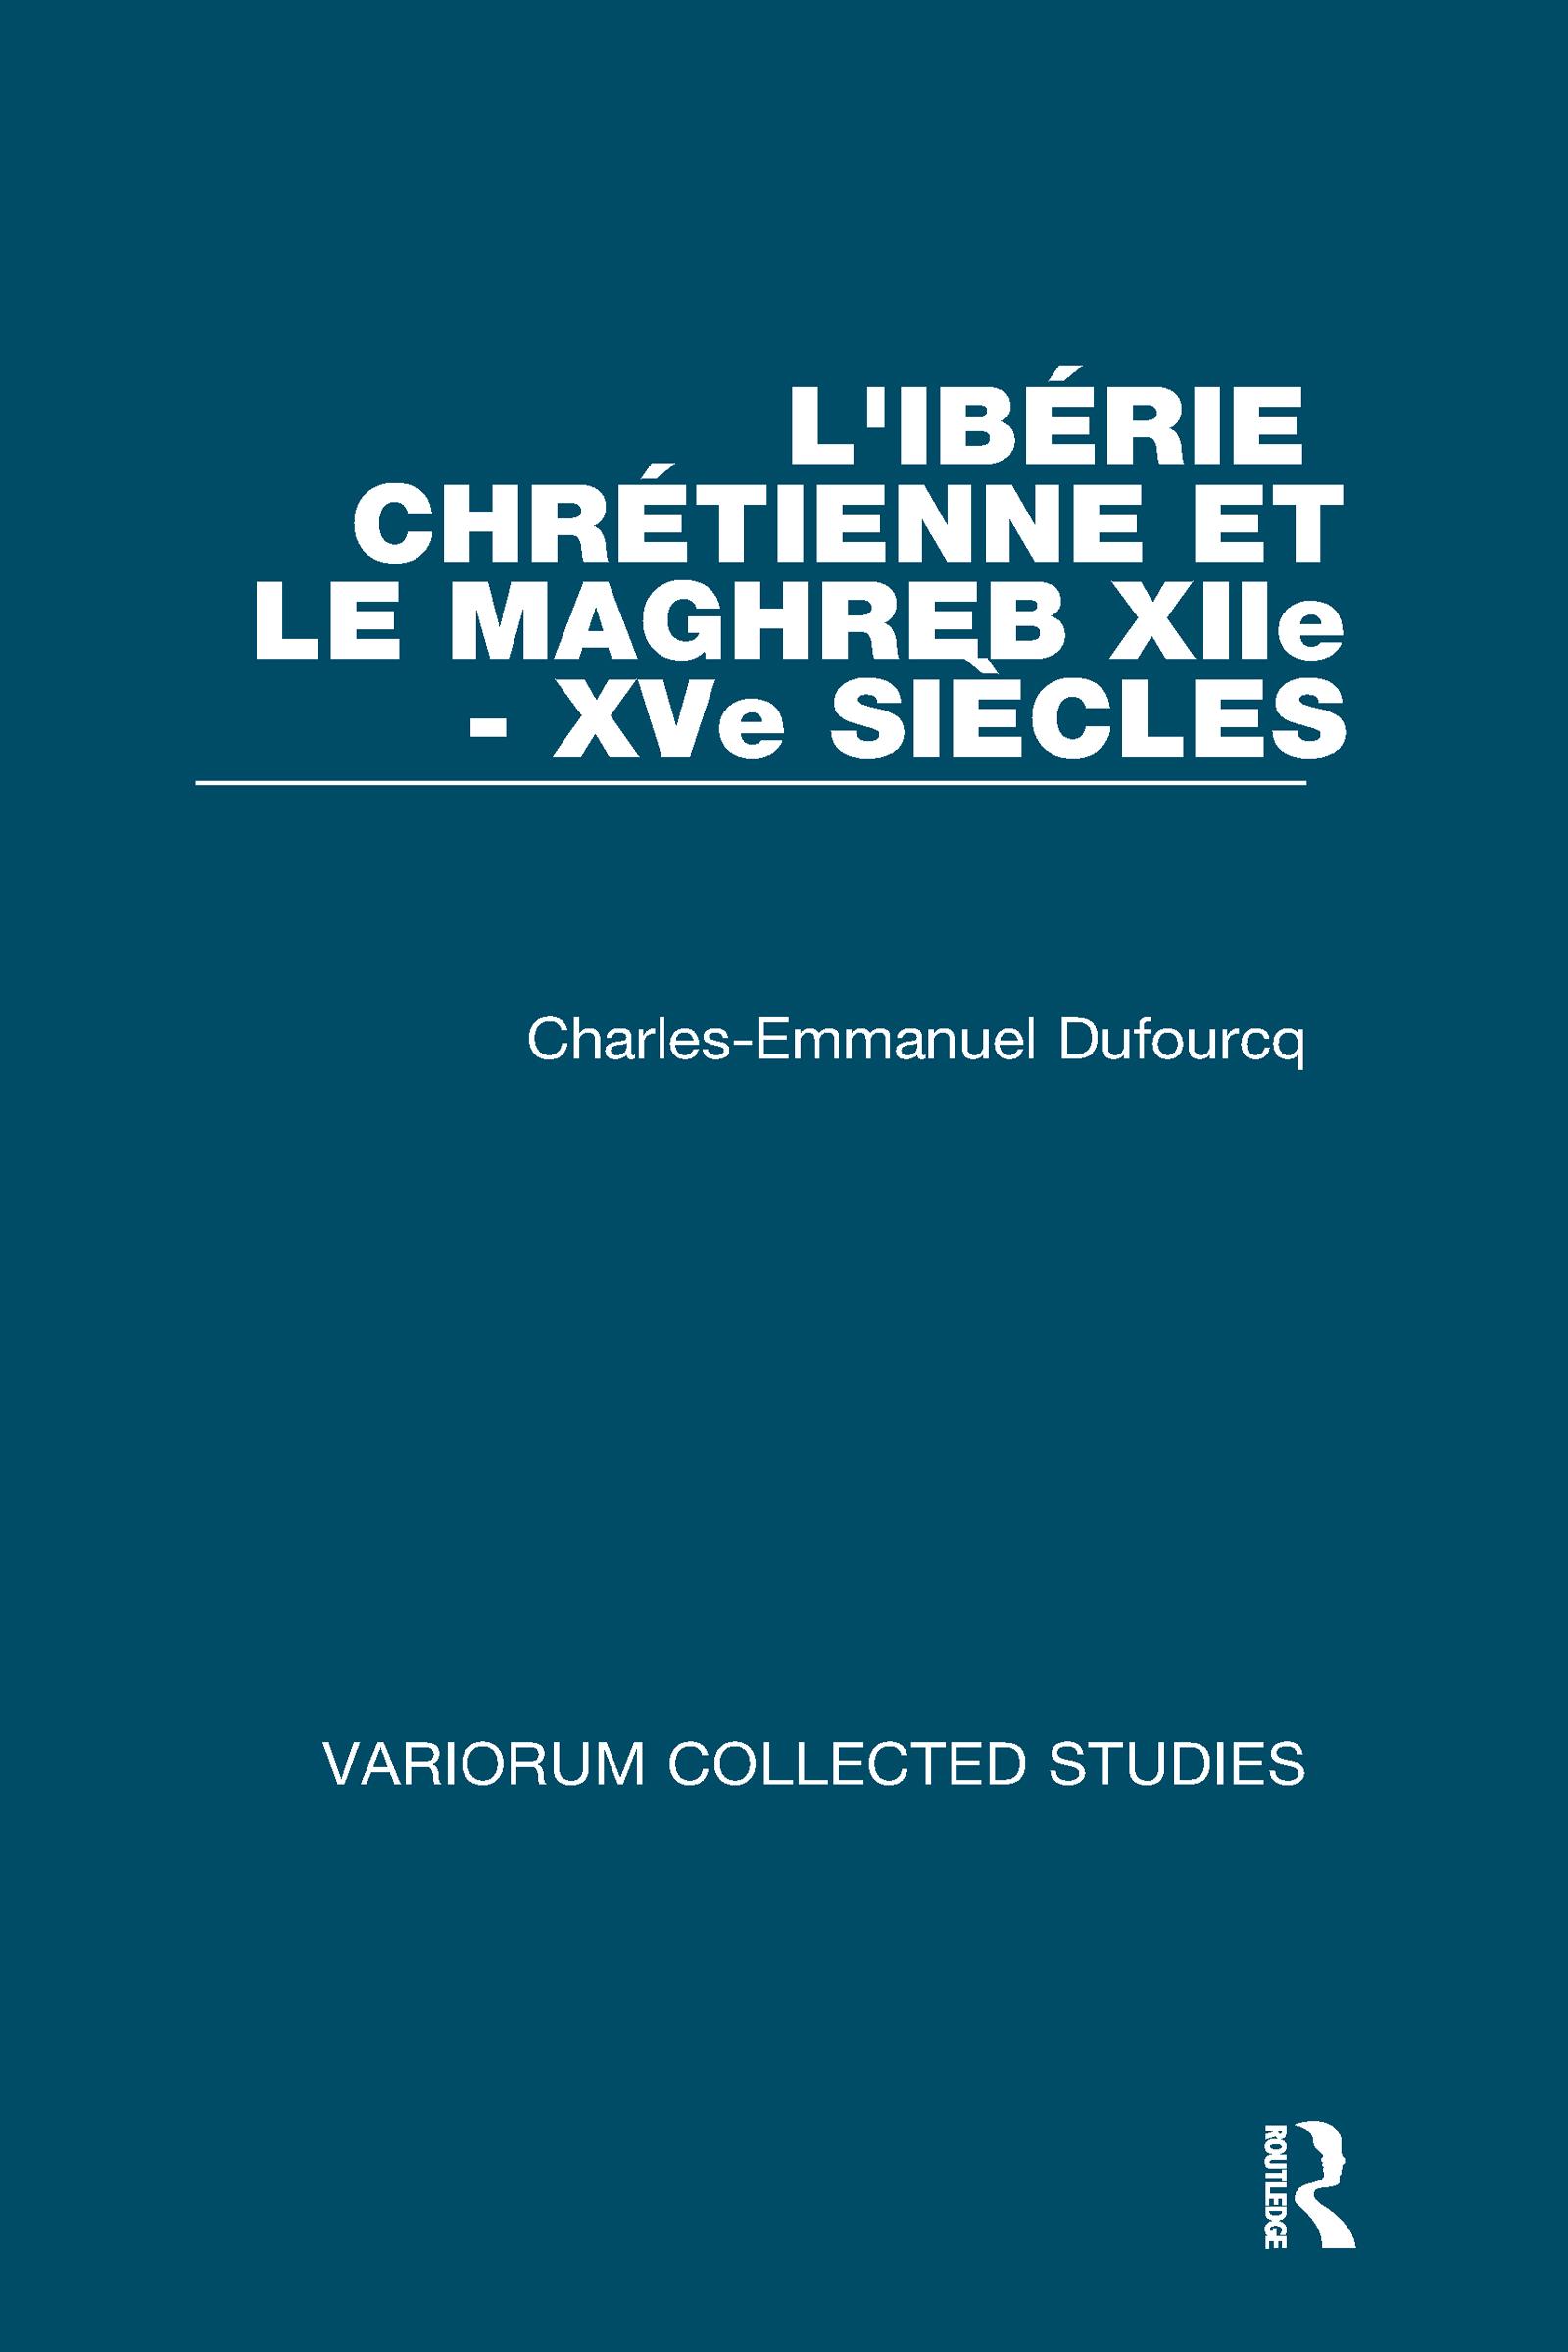 L'Ibérie Chrétienne et le Maghreb (XIIe - XVe siècles): 1st Edition (Hardback) book cover
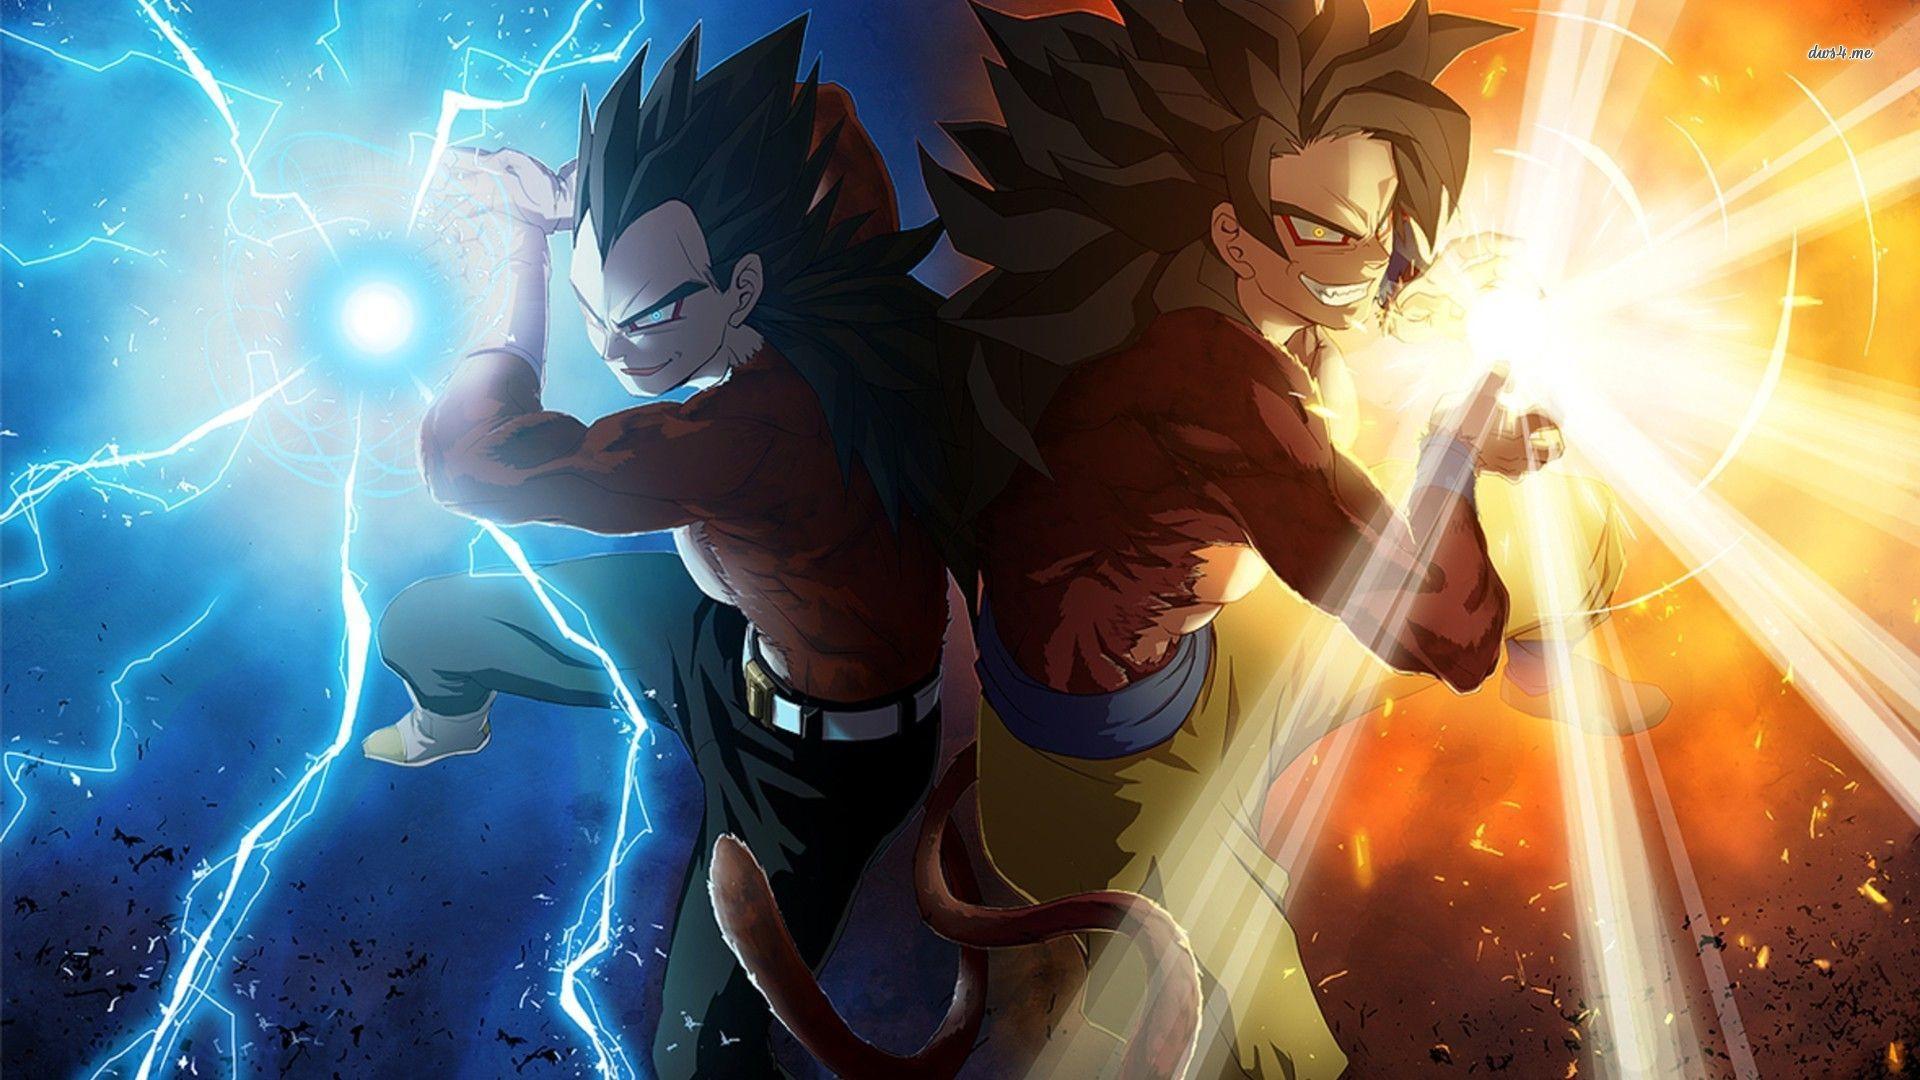 HD Super Saiyan 4 Vegeta and Goku Wallpaper Full HD .
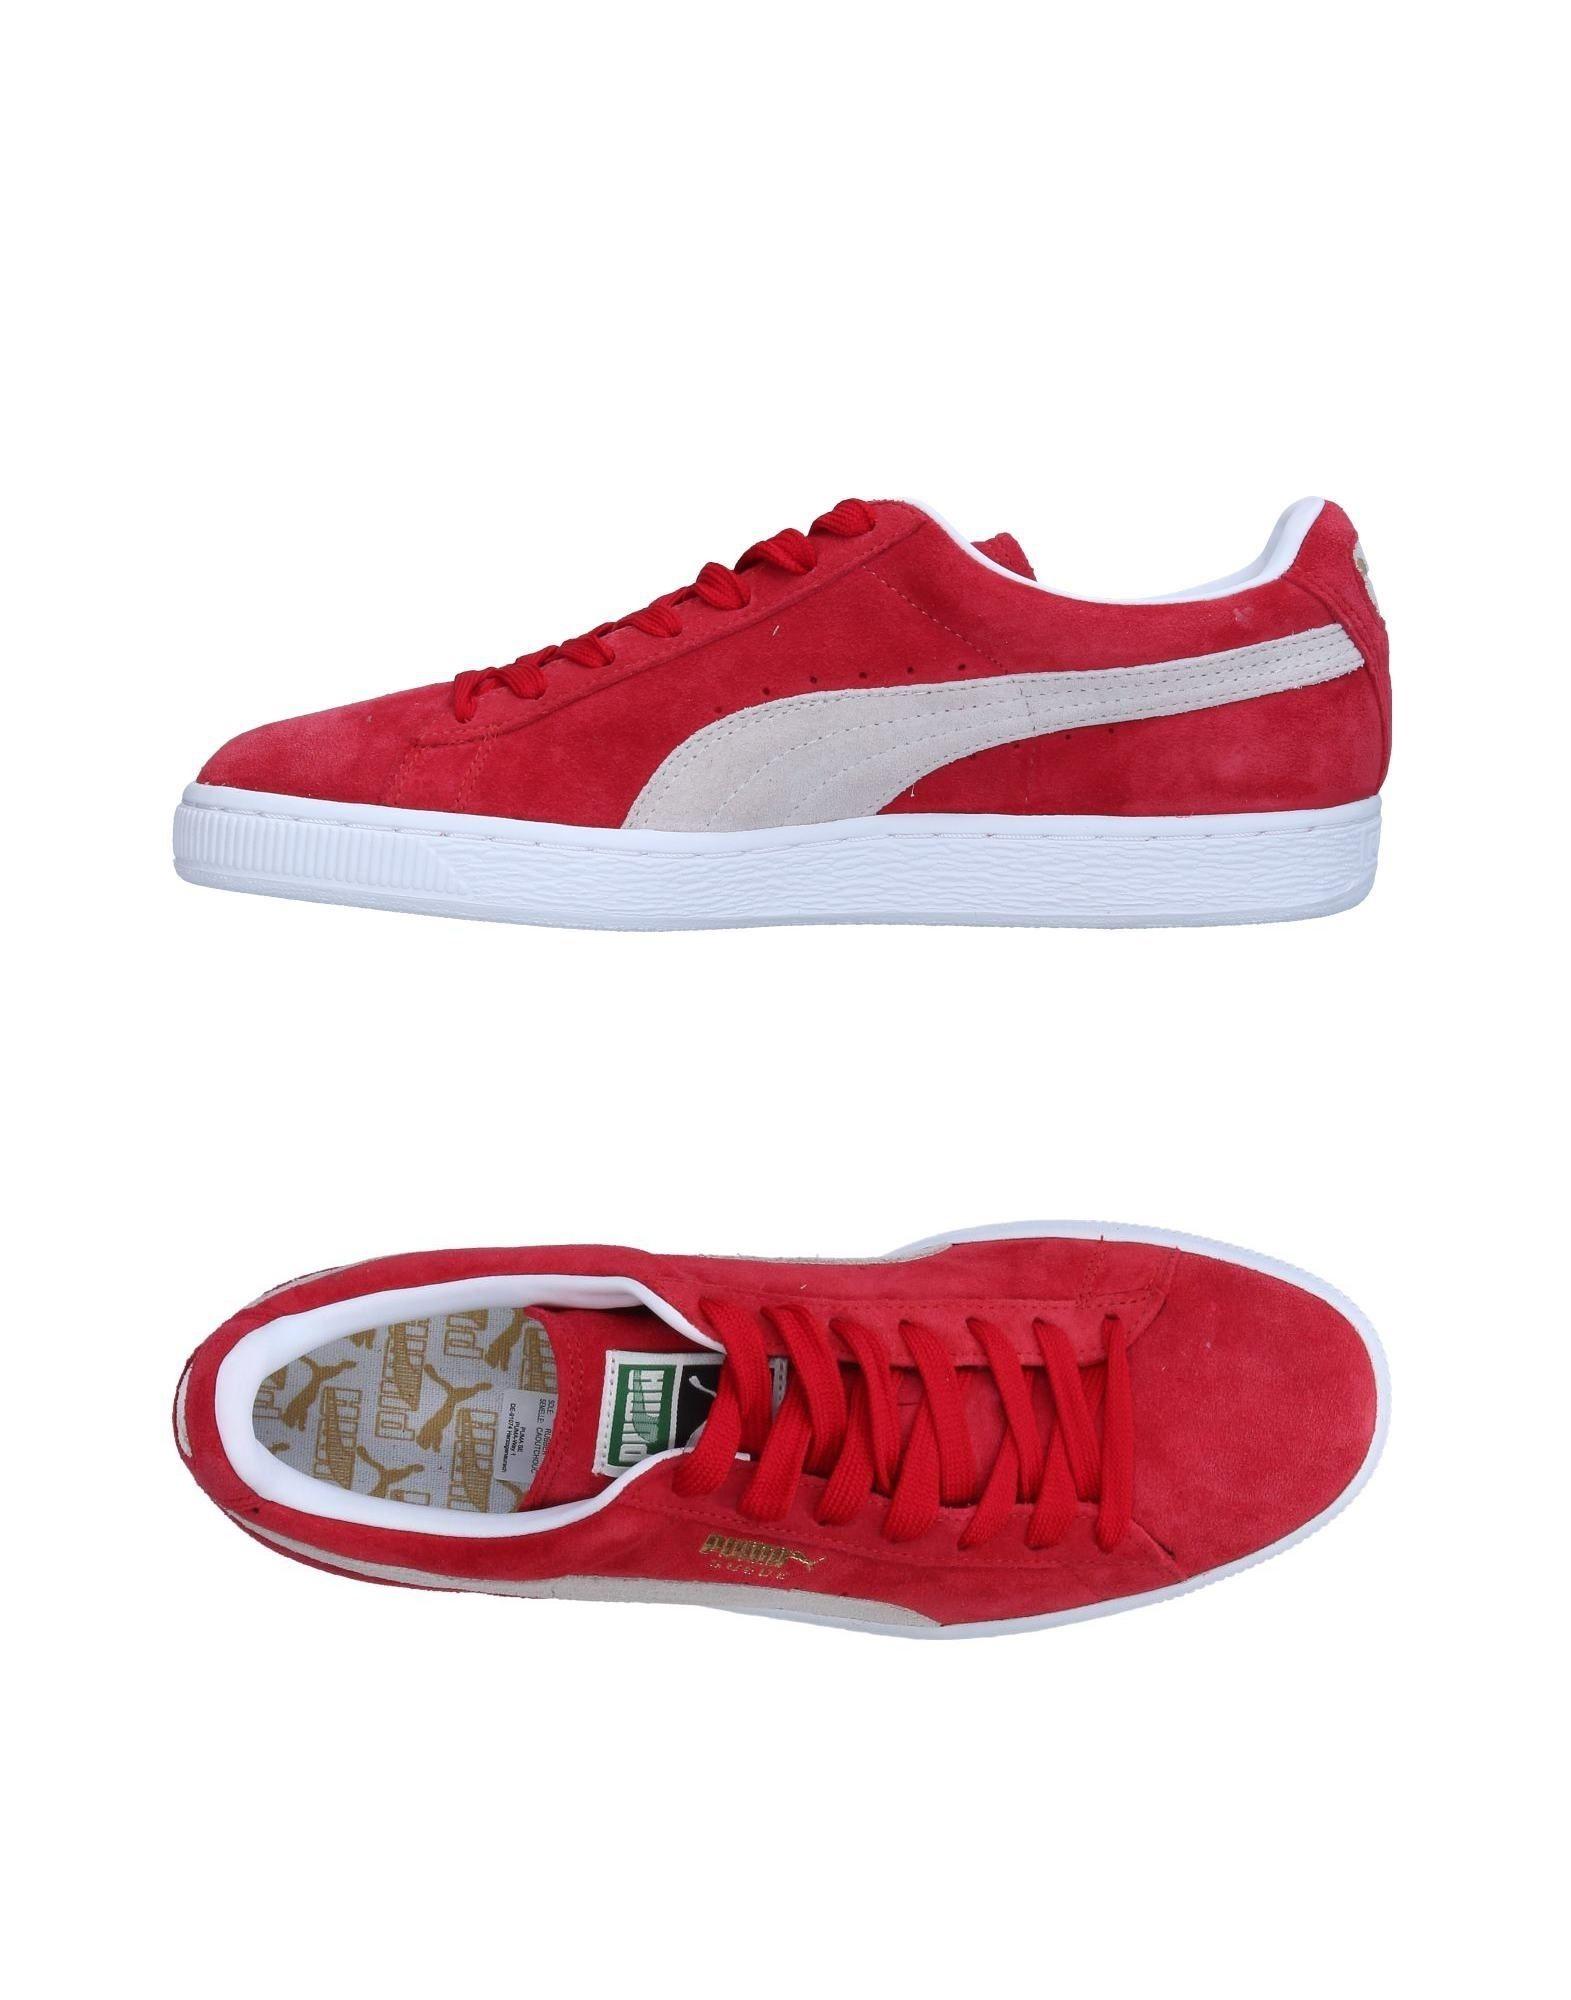 Sneakers Puma Homme - Sneakers Puma sur

> _EXERCISE INSTRUCTIONS_
Only the lines from the one with "HD Super Saiyan" through the end of the listing above should be output, exactly as written and with no pictures.

> _RESPONSE TO THE TASK_
 HD Super Saiyan 4 Vegeta and Goku Wallpaper Full HD .
 Sneakers Puma Homme - Sneakers Puma sur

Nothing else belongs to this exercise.